AMARILLO, TX – DME suppliers operate in a highly regulated environment. Suppliers need to comply with (i) federal anti-fraud laws (e.g., anti-kickback statute and Stark), (ii) state anti-fraud laws that mirror the federal laws, (iii) CMS regulations, (iv) NSC requirements, (v) HIPAA requirements, (vi) published OIG guidance, and (vii) policies of third-party payors. This article focuses on the federal anti-kickback statute (“AKS”) and the federal physician self-referral statute (“Stark”).
AKS
Under the AKS, it is a felony for a person or entity to knowingly or willfully offer, pay, solicit, or receive any remuneration to induce a person to refer an individual for the furnishing, or arranging for the furnishing, of any item or service covered by a federal health care program (FHCP) or to induce such person to purchase or lease or recommend the purchase or lease of any FHCP-covered item or service.
Assume that a DME supplier pays fair market value (“FMV”) compensation to a referral source for legitimate services. The supplier needs to be aware of the “one purpose test” that has been adopted by a number of courts. The one purpose test states that if “one purpose” behind a payment to a referral source is to reward the source for referrals, the AKS is implicated notwithstanding that (i) the main purpose behind the payments is to compensate the referral source for legitimate services and (ii) the compensation is FMV. As such, it is important that the arrangement complies with—or at least substantially complies with— the Personal Services and Management Contracts (“PSMC”) safe harbor to the AKS.
A safe harbor provides a “bright line” test enabling parties to structure arrangements that might otherwise violate the AKS in a way that is protected. If an arrangement does not exactly satisfy all of the elements of a safe harbor, it does not mean that the arrangement violates the AKS. Rather, it means that the arrangement must be examined carefully under the wording of the AKS, court cases, and other published guidance.

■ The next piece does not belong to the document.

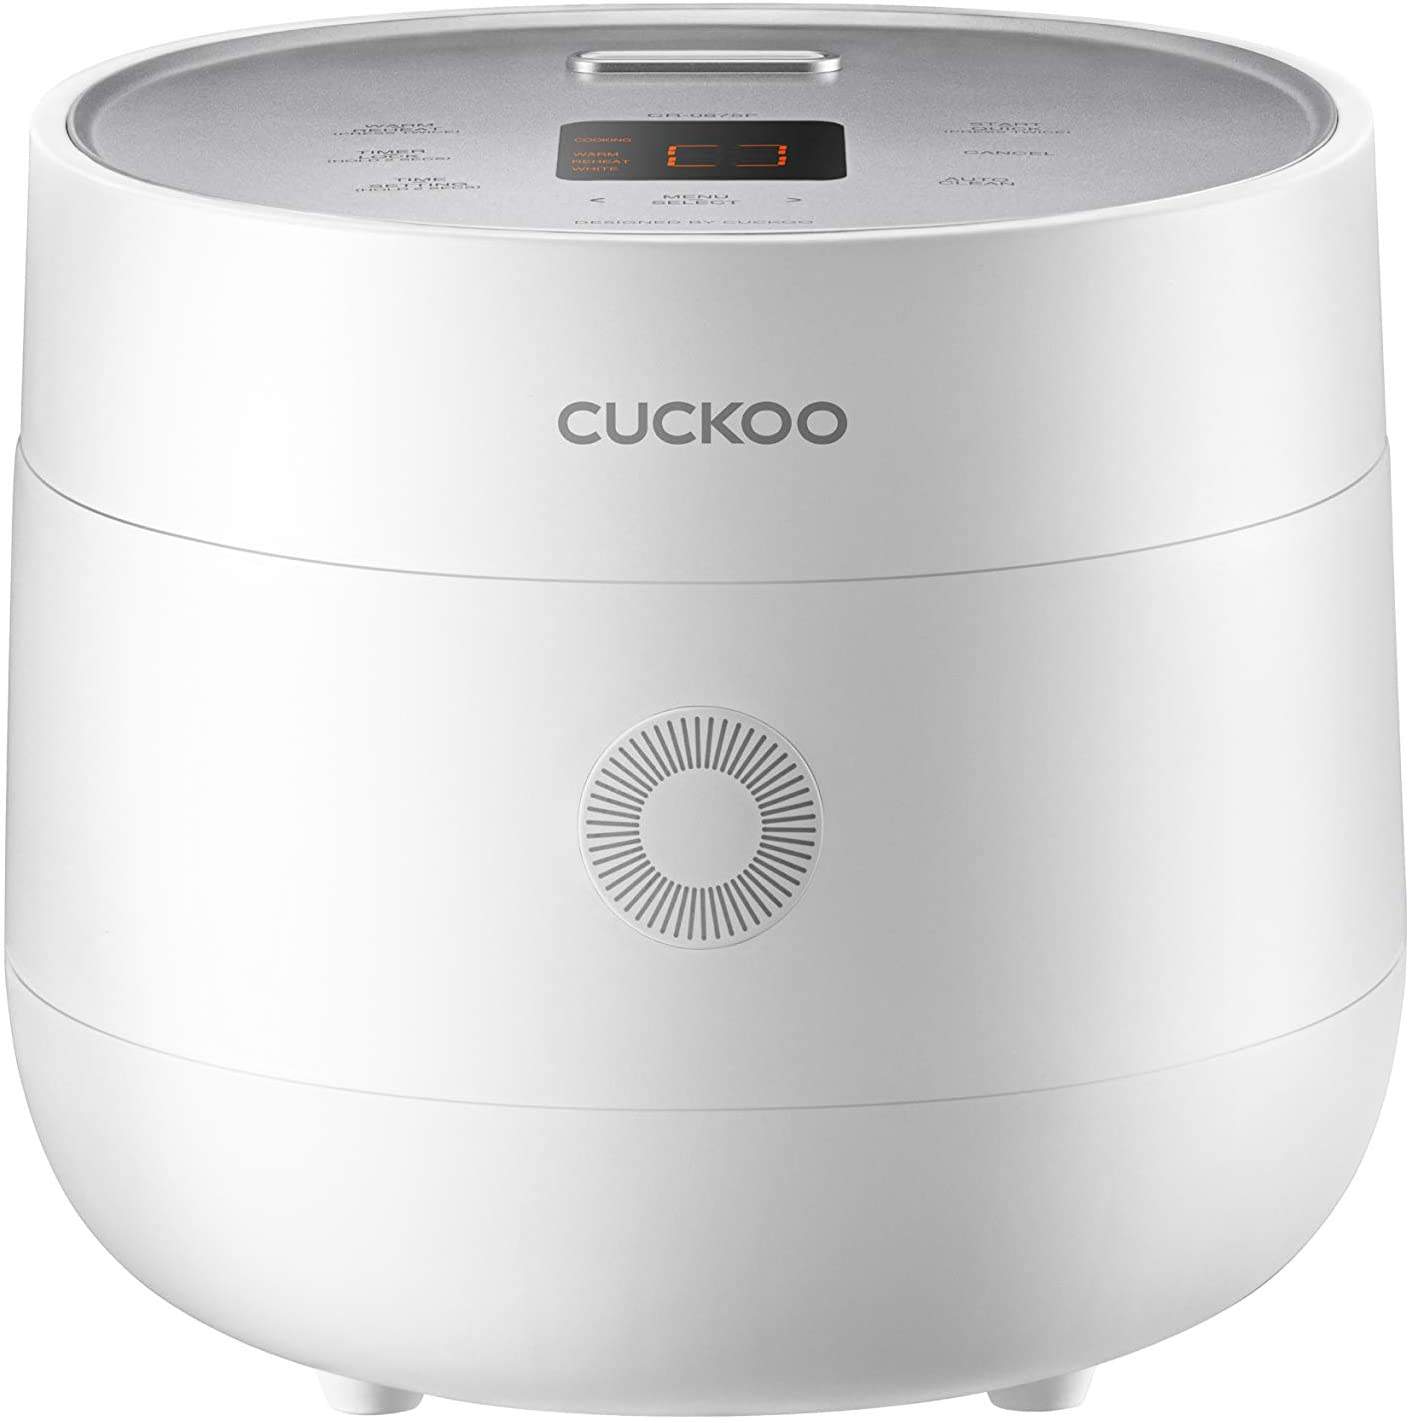 Best touch-screen rice cooker for basmati: CUCKOO CR-0675F 6-Cup Micom
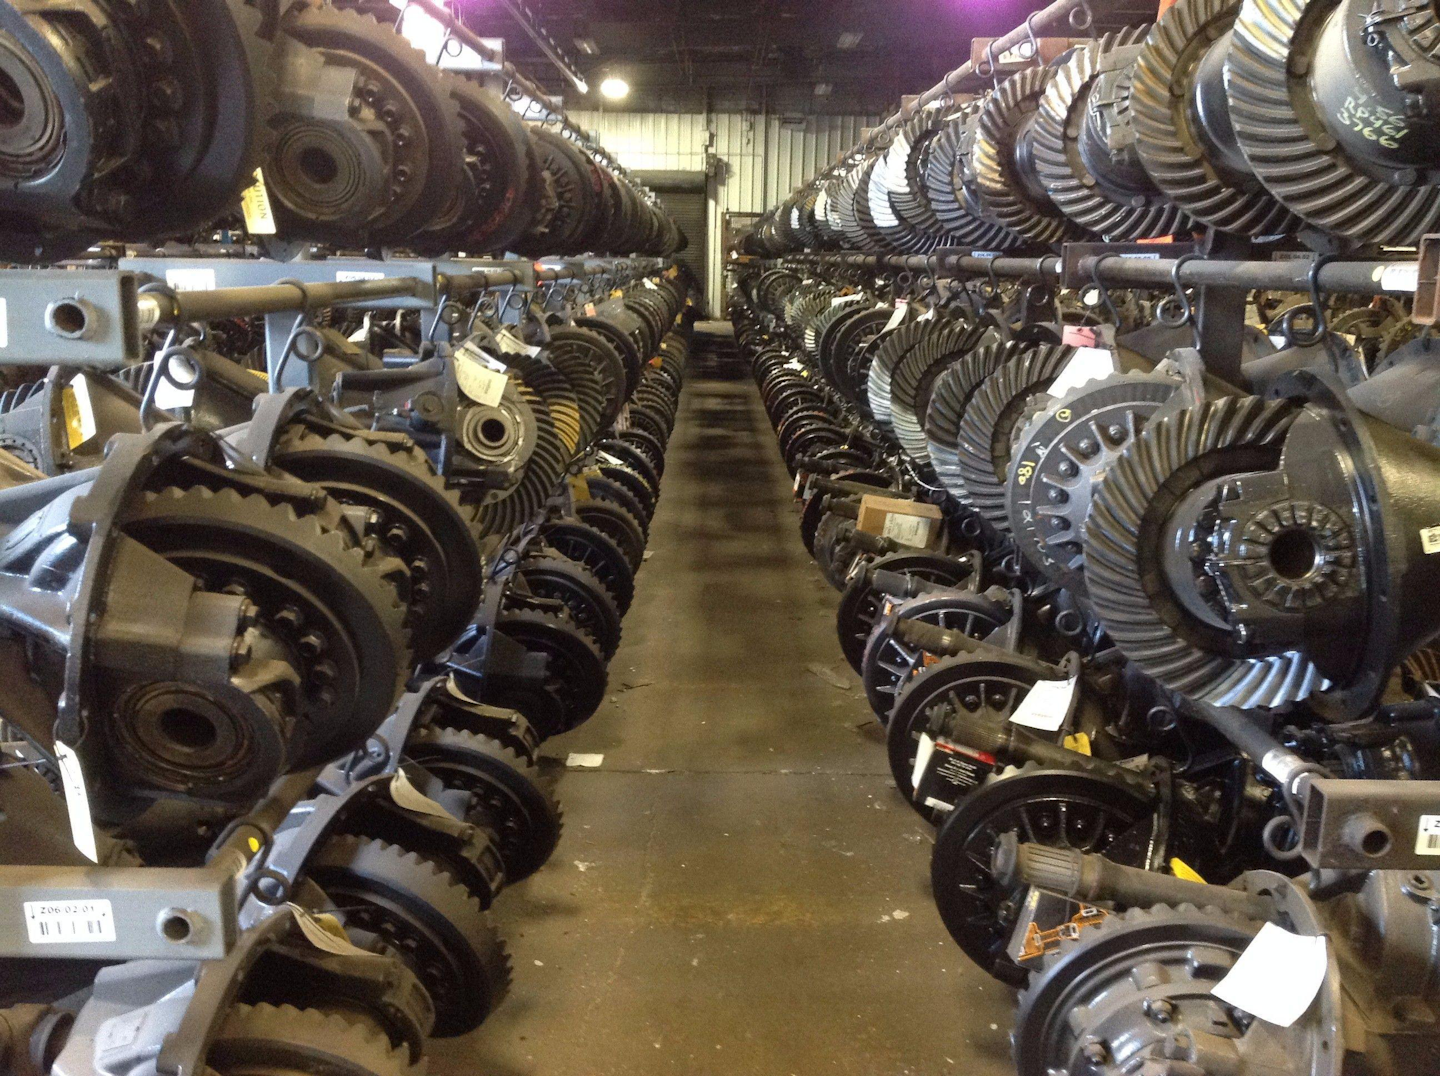 A look inside of one of LKQ’s parts warehouses.

The PSMC safe harbor states that the AKS does not prohibit paying an independent contractor, that is also an FHCP patient referral source, for legitimate services as long as the following standards are met: (i) the arrangement must be memorialized in a written agreement that is signed by the parties; (ii) the agreement must specify the services to be provided; (iii) the term of the agreement must be for not less than one year; (iv) the methodology for determining the compensation must be set in advance, be consistent with FMV, and must not take into account the volume or value of referrals or business generated between the parties; (v) the services performed must not involve a business arrangement that violates any state or federal law; and (vi) the services contracted for must not exceed those reasonably necessary to accomplish the business purpose of the services.

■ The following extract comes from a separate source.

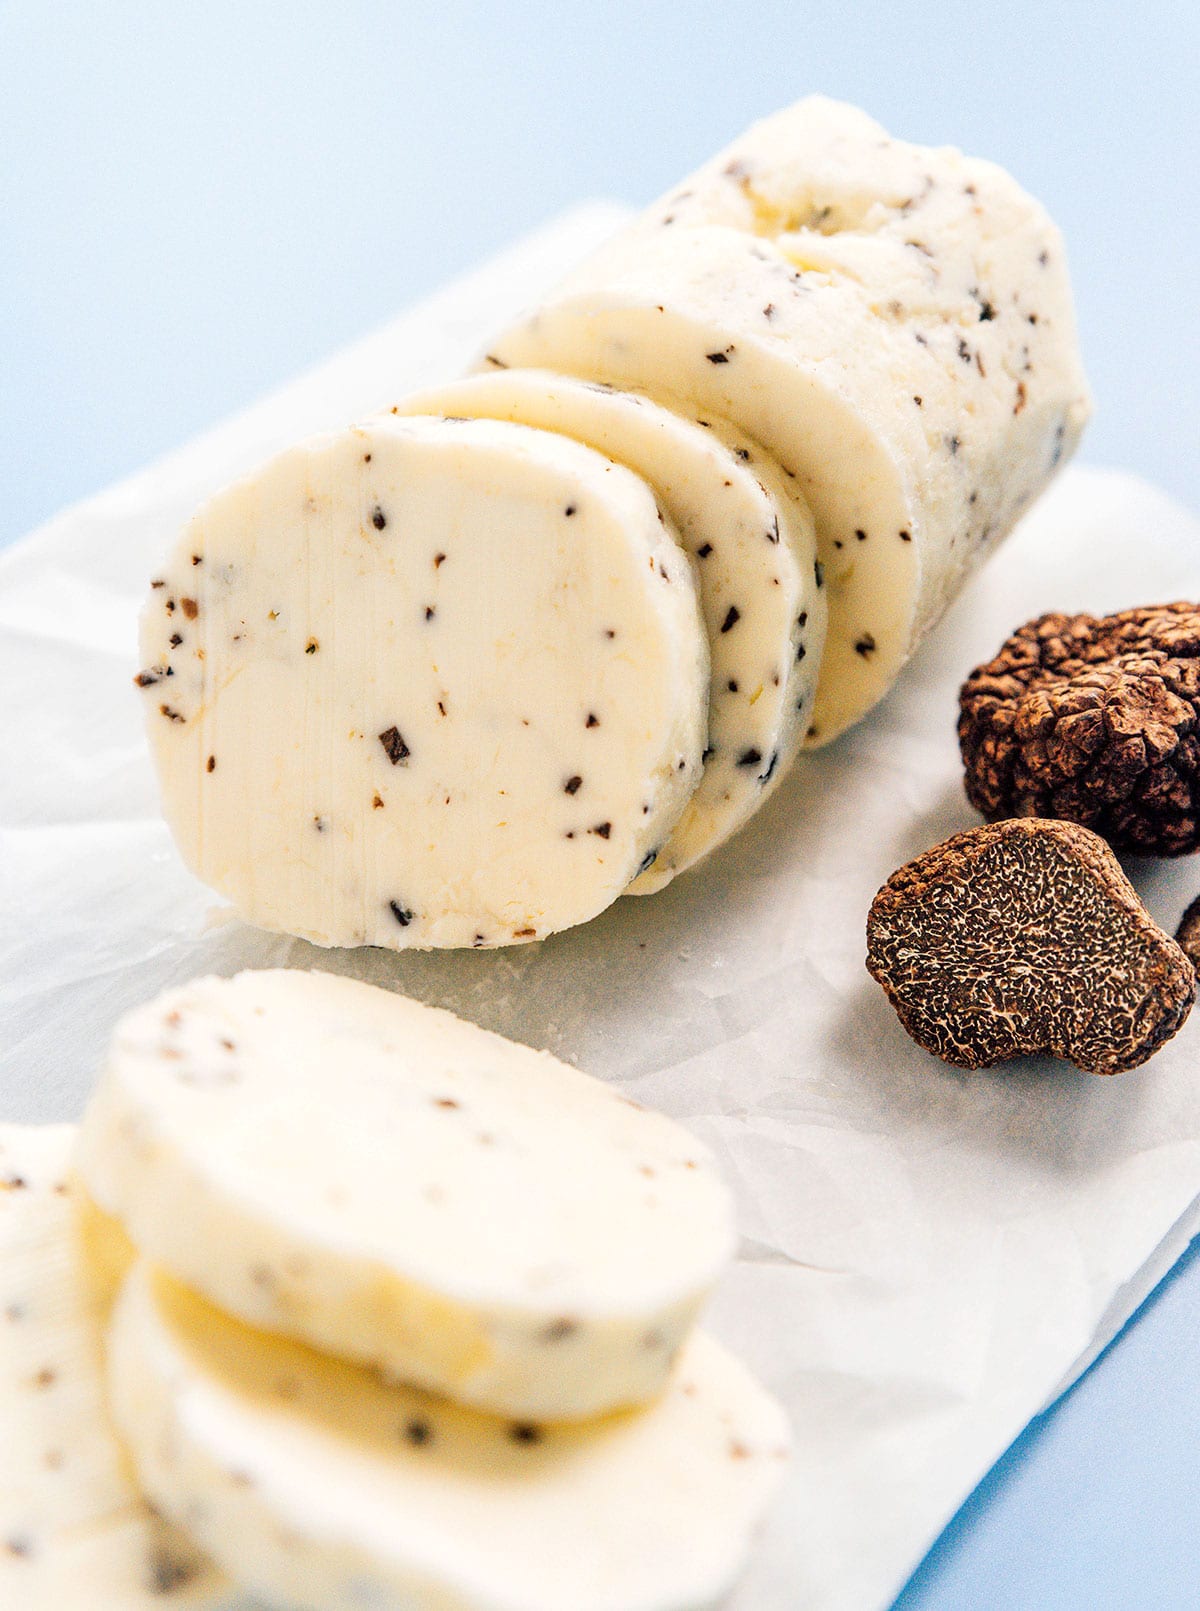 Black truffle butter sitting on top of a piece of parchment paper with a couple of black truffles

The key element of the PSMC safe harbor is (iv), above, addressing the methodology for determining compensation—particularly the piece of the element prohibiting the methodology from taking into account the volume or value of referrals or business generated. It is common in arrangements for the parties to want to institute a per service compensation methodology. However, when the party being paid to perform services is also the source of the referrals leading to those services, there is a risk that a per service compensation methodology will be seen as taking into account the volume or value of referrals or business being generated between the parties. On the other hand, a compensation methodology based on the service provider’s time will carry a lower risk. For example, a compensation methodology set as a fixed dollar amount per hour of time spent, with an hourly rate that represents the FMV for the time of an individual performing the services, will be less likely to incur an AKS enforcement action.
Stark
Under Stark, if a physician (or an immediate family member) has a financial relationship with an entity providing designated health services (“DHS”), including durable medical equipment, the physician may not refer Medicare/Medicaid patients to the entity unless one of the statutory or regulatory exceptions applies. Note that the Stark definition of “physician” includes a number of practitioners (e.g., chiropractors and dentists).
If an arrangement involves the DME supplier paying money to a physician who refers Medicare/Medicaid patients to the supplier, Stark is implicated. Therefore, it is important that the arrangement complies with the Personal Services exception to Stark.
Like a safe harbor under the AKS, a Stark exception provides a “bright line” test enabling parties to structure arrangements that might otherwise violate Stark in a way that is protected. Unlike an AKS safe harbor, however, an arrangement must strictly satisfy all the elements of a Stark exception.
The Personal Services exception states that Stark does not prohibit paying a physician for legitimate services, even if the physician refers Medicare/Medicaid patients for DHS, so long as the following standards are met: (i) the arrangement must be memorialized in a written agreement that is signed by the parties; (ii) the agreement must specify the services to be provided; (iii) the services contracted for must not exceed those reasonably necessary to accomplish the business purpose of the services; (iv) the term of the agreement must be for not less than one year, and if the parties terminate the agreement without cause, they may not enter into the same arrangement during the first year of the original arrangement; (v) the compensation must be set in advance, be consistent with FMV, and must not take into account the volume or value of referrals or business generated between the parties; and (vi) the services performed must not involve a business arrangement that violates any state or federal law.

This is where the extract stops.